Wednesday, April 1, 2009

Honk If You Are Stupid


Scenario: It is 1980, the car industry in America has almost collapsed, you are a high-school drop-out, you live in Detroit, your car-manufacturing employer is trying to strip you of all job benefits, you are facing plant closures every year, more foreign cars are hitting the market each day, your company is plagued by quality issues, your company is surviving on various forms of federal subsidies, your pension plan is continually being pared back, and you are holding your 6 month old child in your hands. What career advice do you give him or her?

The answer: Stay in Detroit and work for a car manufacturer.

Now that is real intelligent.

"Nev'r even seen it comin'," said Ruth Kolwowski a 45 year veteran of GM. "If you told me 20 years back I'd be here talkin' to yous 'bout GM closin', I wudda said you were plain ol' crazy." And why wouldn't she? After, all GM, like all the major US car companies are American establishments, and even greater legacies. However, deep down, past all of the empty plants that litter Detroit's suburbs, beyond the lines of picketers outside the remaining plants, Detroit's little secret is finally coming out in the open. What secret? The car companies are in trouble.
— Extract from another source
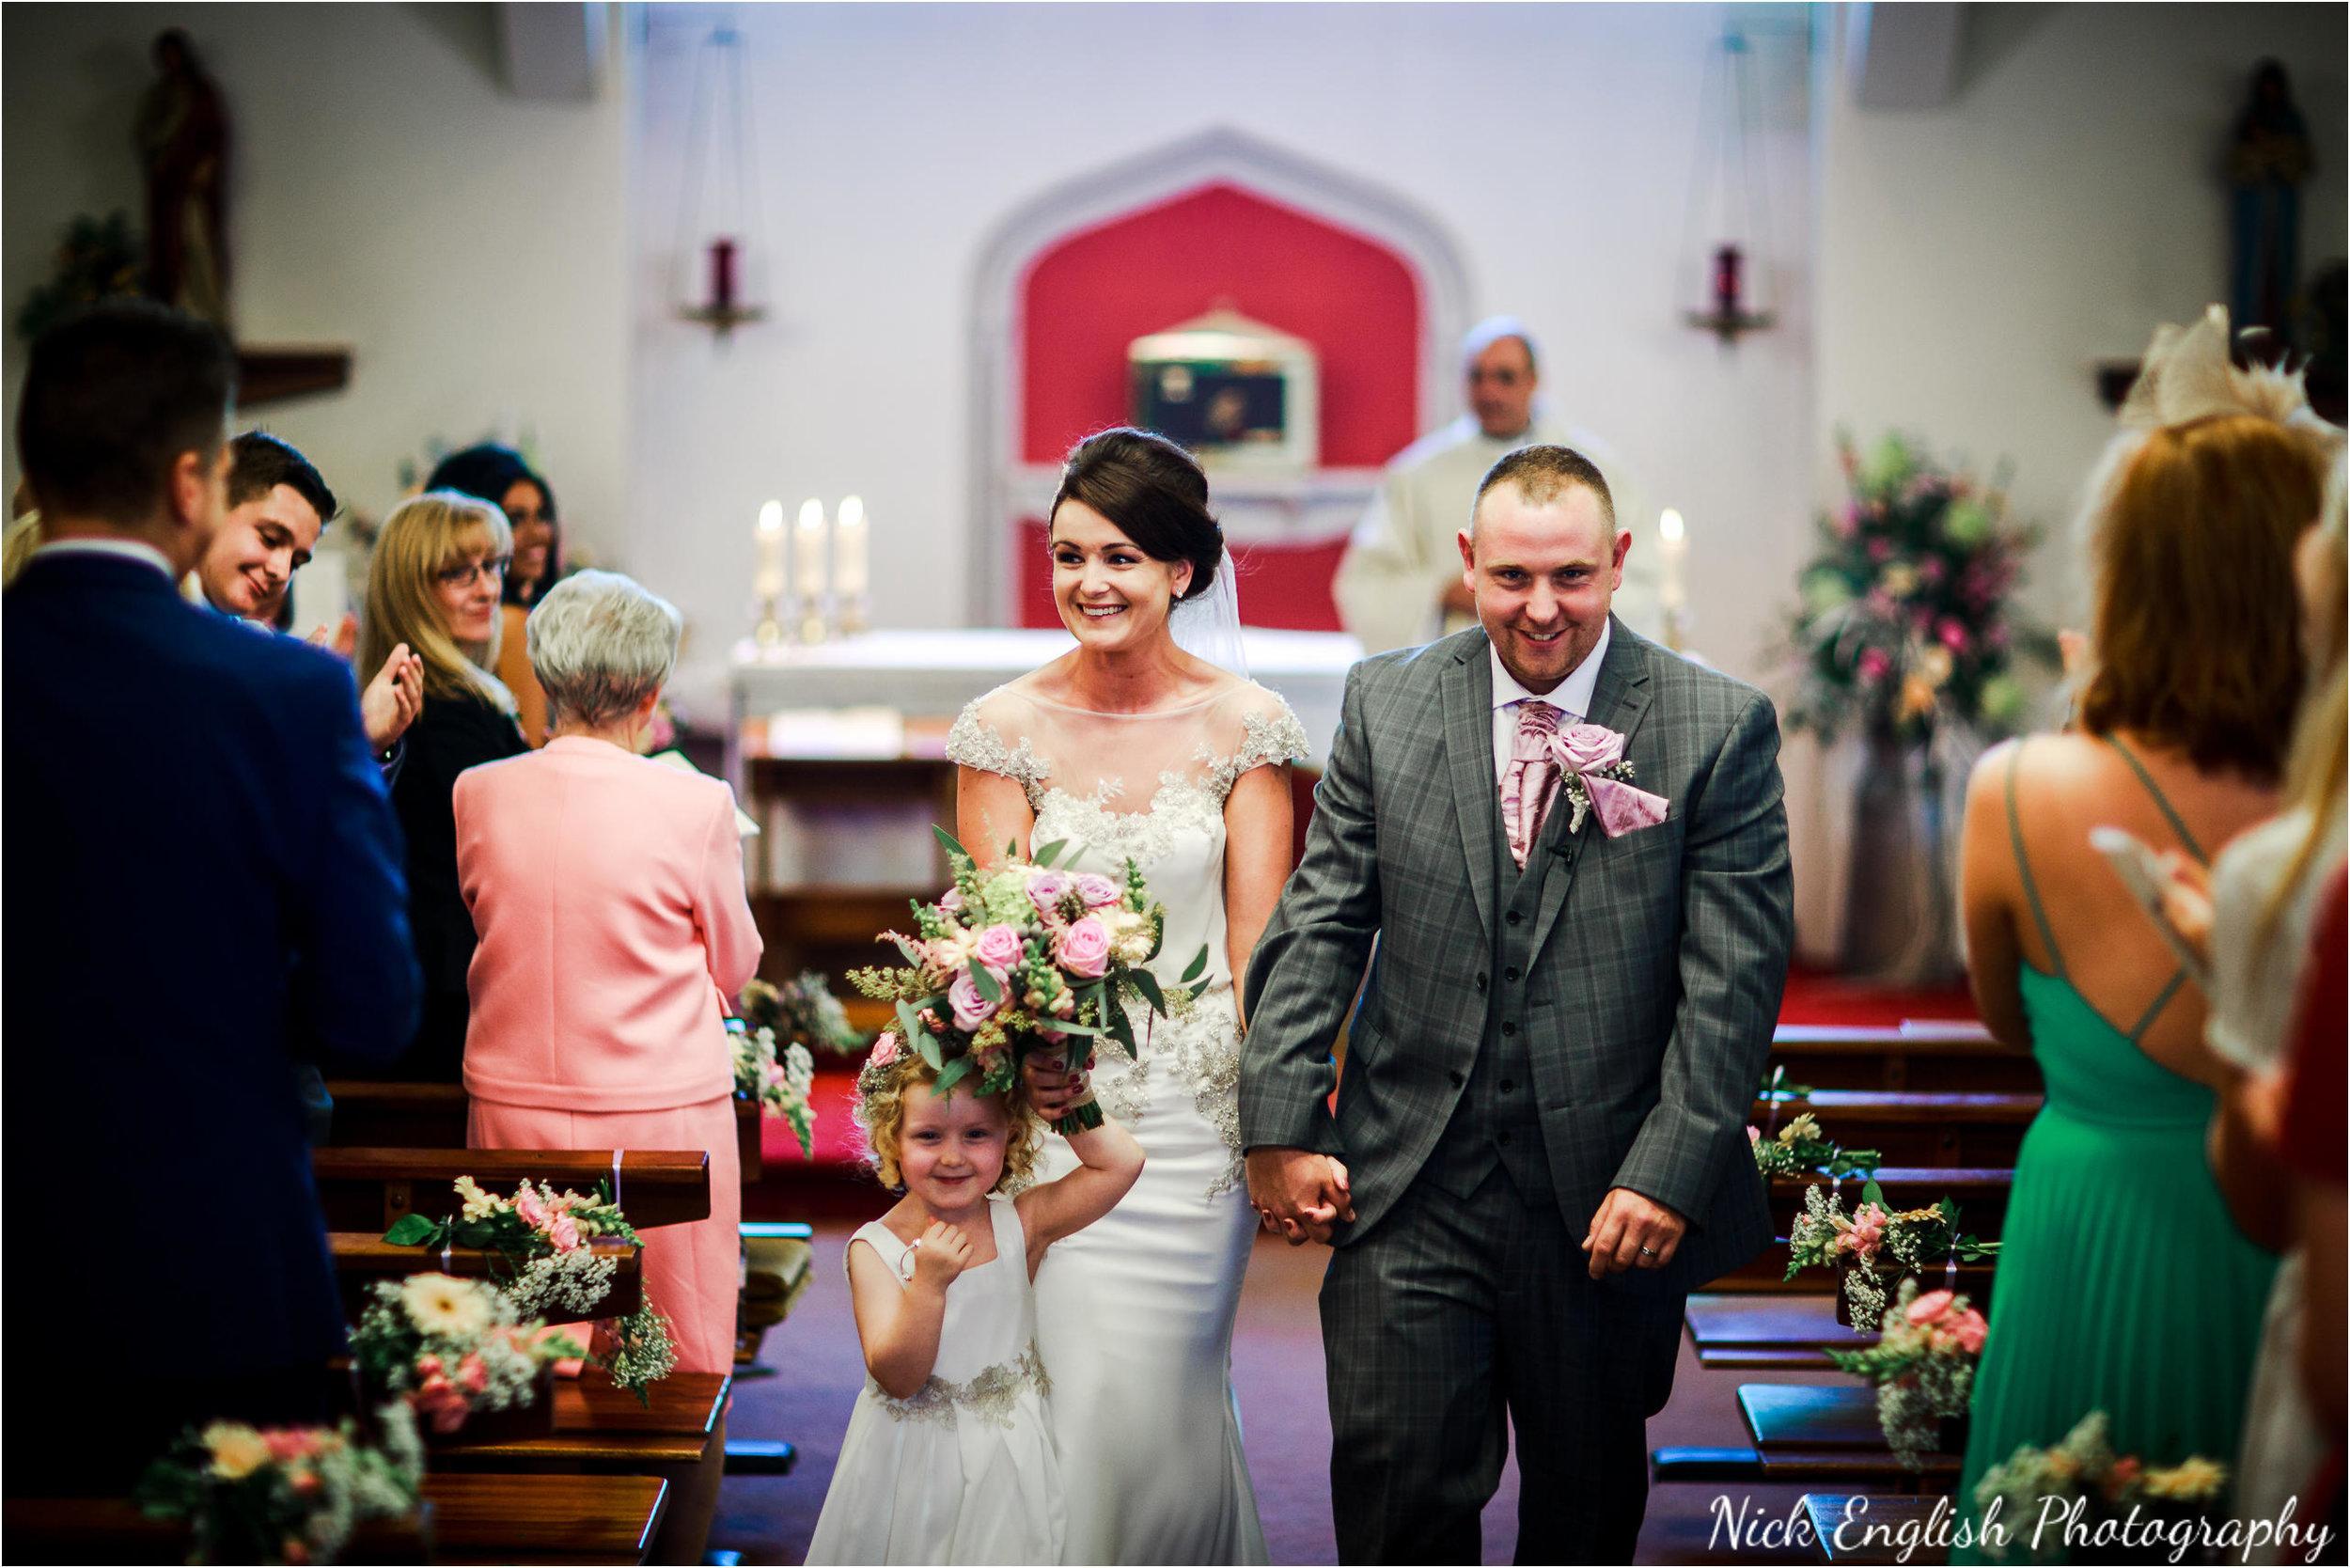 Stacey-Ash-Wedding-Photographs-Stanley-House-Preston-Lancashire-82.jpg

This is precisely what the American public, as well as the great and ever observant people in Detroit aren't supposed to know. Now, the government is dropping a whopper on the blue collar workers of Michigan: "No soup for you!"

"I just don't get it. They couldn't have given us a warning or something?" said one out of work mechanic. The car companies claim that they tried to signal that they were in trouble, but no one took them seriously. "I don't know how we could have been more clear. We said we didn't have any money. We said people were not buying our cars. We said we would close plants. We said that we were cutting pay and firing people across the board. What the hell do you people want?" said Chevy spokesman Keith Evans. These sentiments were echoed by others in the industry. "I thought that people would take us seriously when we told them we were literally out of money," said Rick Wagoner former CEO of GM.
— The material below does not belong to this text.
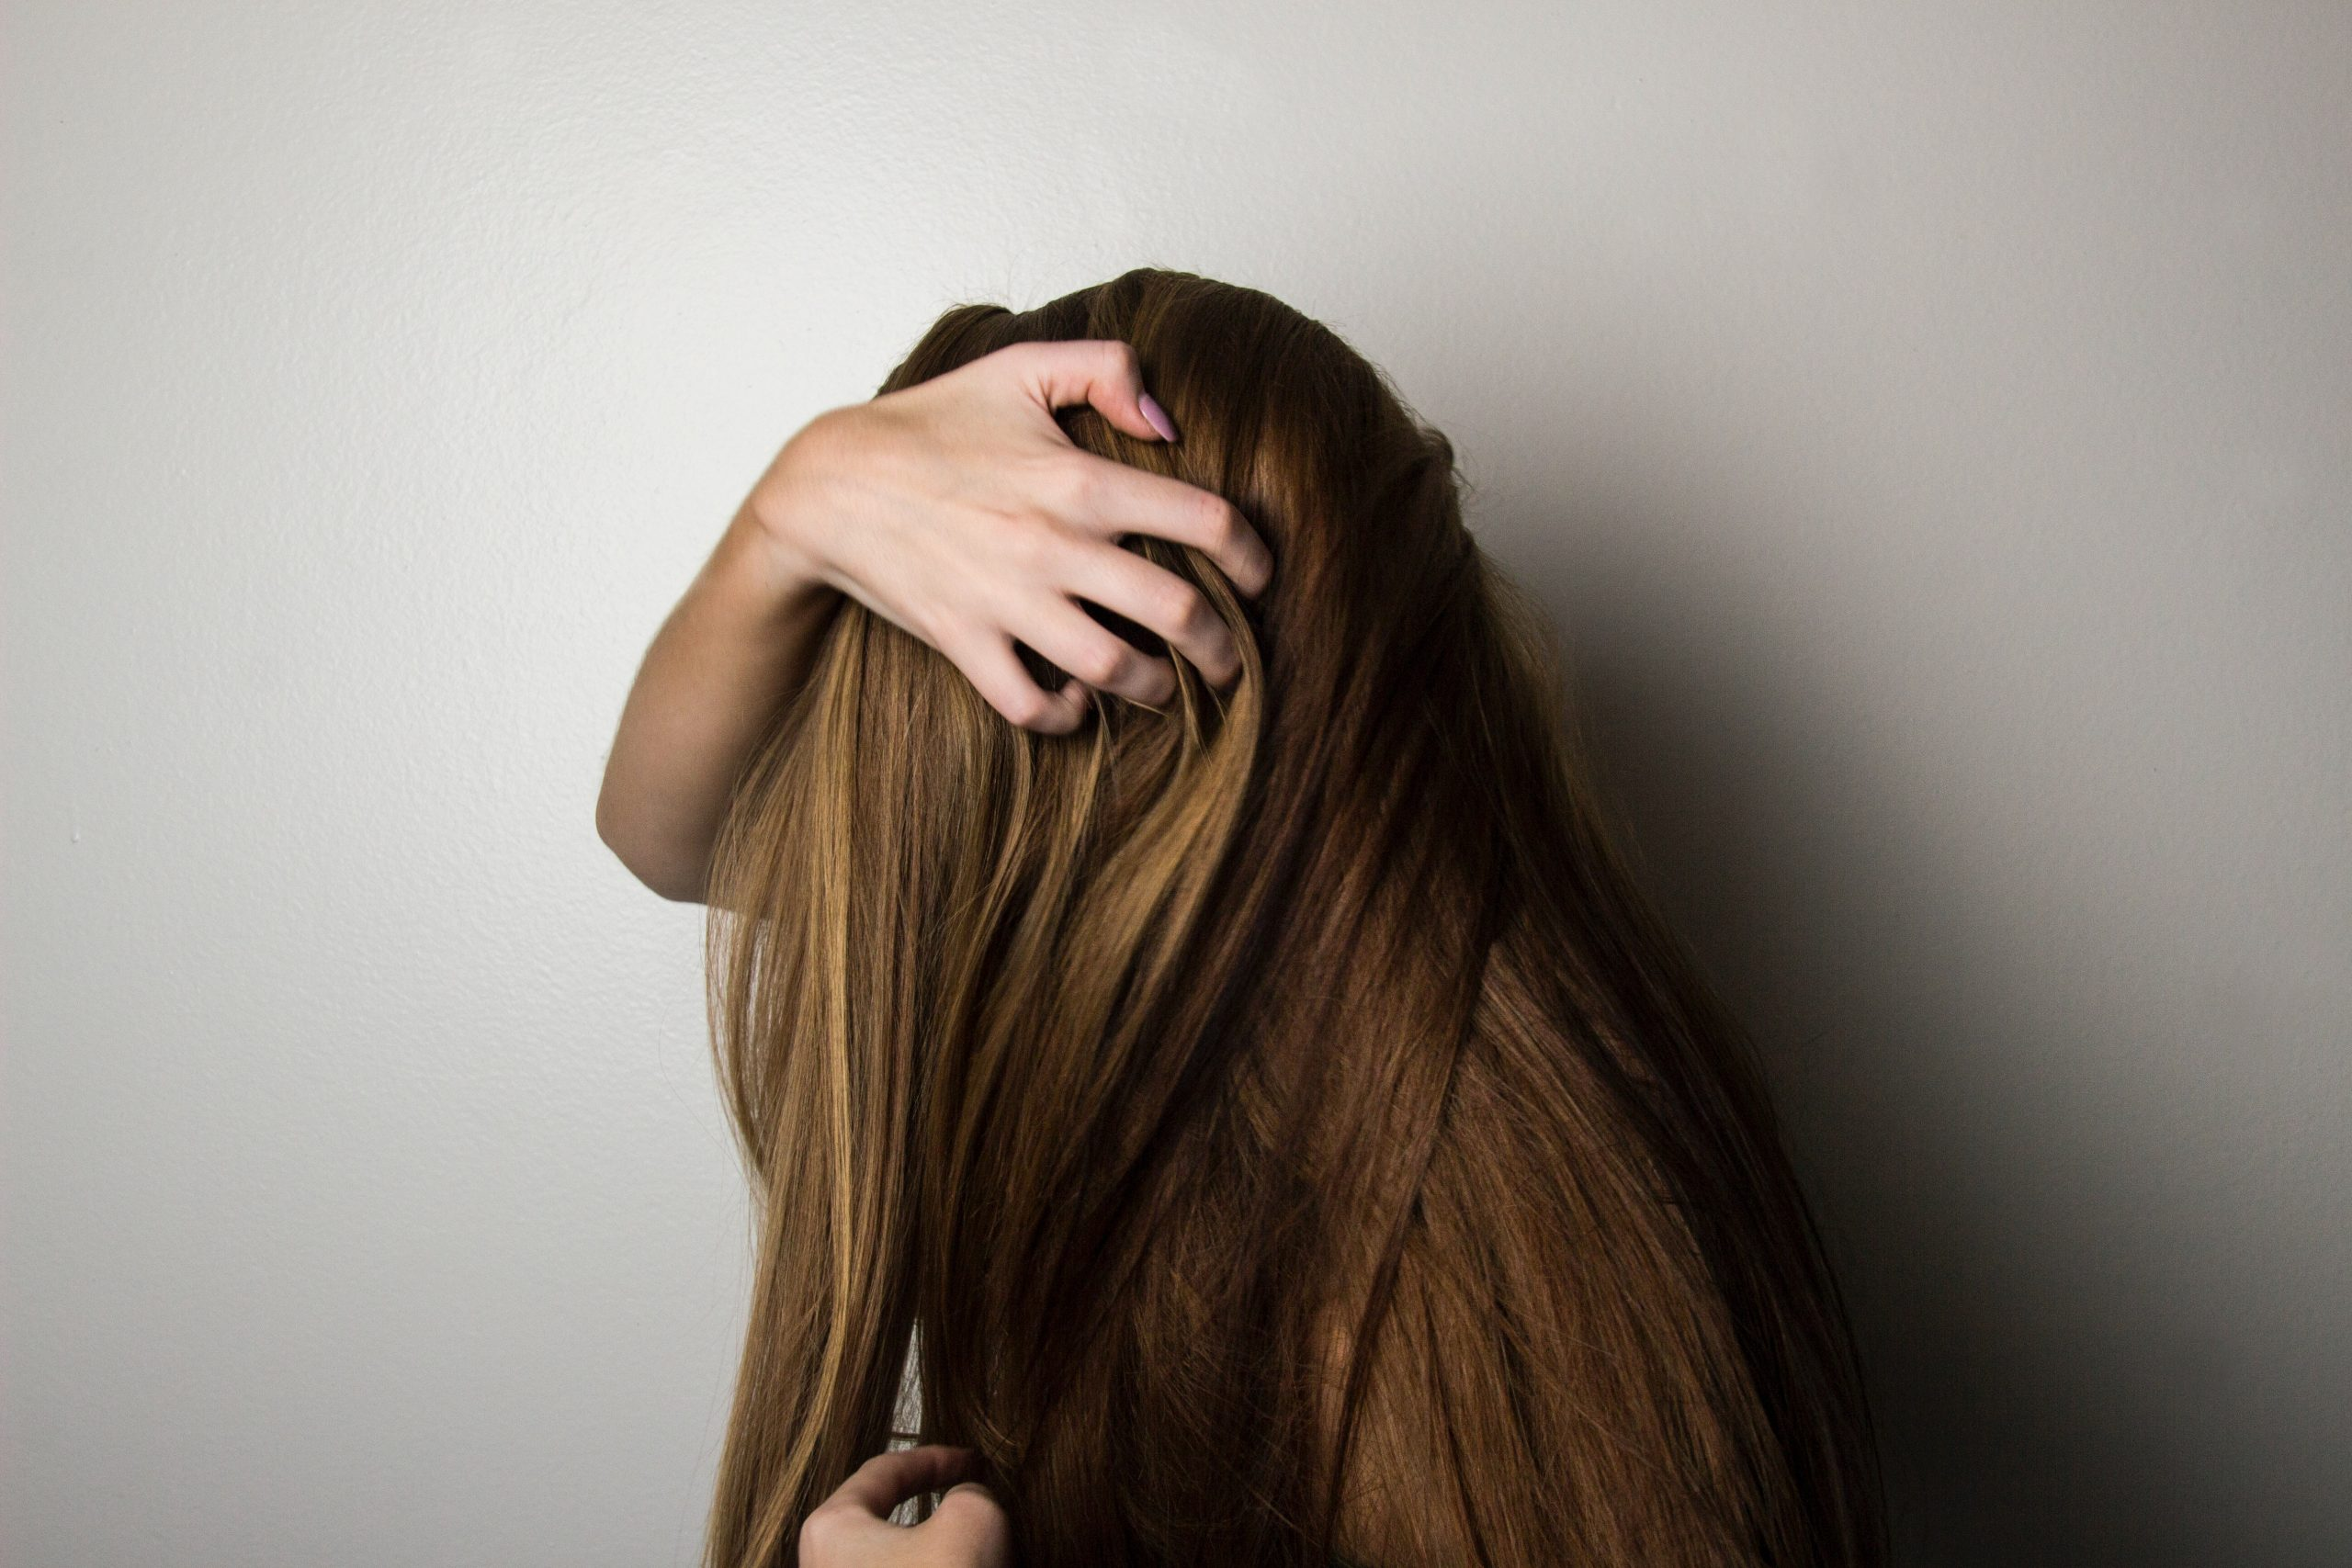 pelo fino y roto

Now the talk from Capitol Hill is all about retraining the workforce. The question that is lingering on the minds of millions is: Retrain them to do what? However, maybe a better question whould be: Who would want to hire them?

This is a workforce that got paid more than most Americans to do less than most Americans. In fact, at certain times these people actually got paid to do nothing. This is a workforce that worked set numbers of hours and was historically protected by one of the strongest and inflexible labor unions in the land. Just in case potential employers needed more motivation to not hire them, they speak with heavy accents, mostly lack college educations, and practically require Canadian visas to work in the US.

Sound good? That's the problem, it doesn't. Unfortunately for Detroit its citizens failed to see any one of the literally hundreds of warning signs over the past 30 years. Typically 30 years is long enough to notice that the boat is taking on water, and this ship was nothing short of the Titanic.

Not to worry! A new plan being hatched by the mayor of Detroit to save the city hinges on the US government paying each citizen an inflated salary to stay at home and guard the northern border against Al-Queda. During the winter when even Al-Queda can not cross the border without freezing to death, federal subsidies will be used to finance a chain of polka schools. Sound good? Honk if you do think so. Honk, Honk.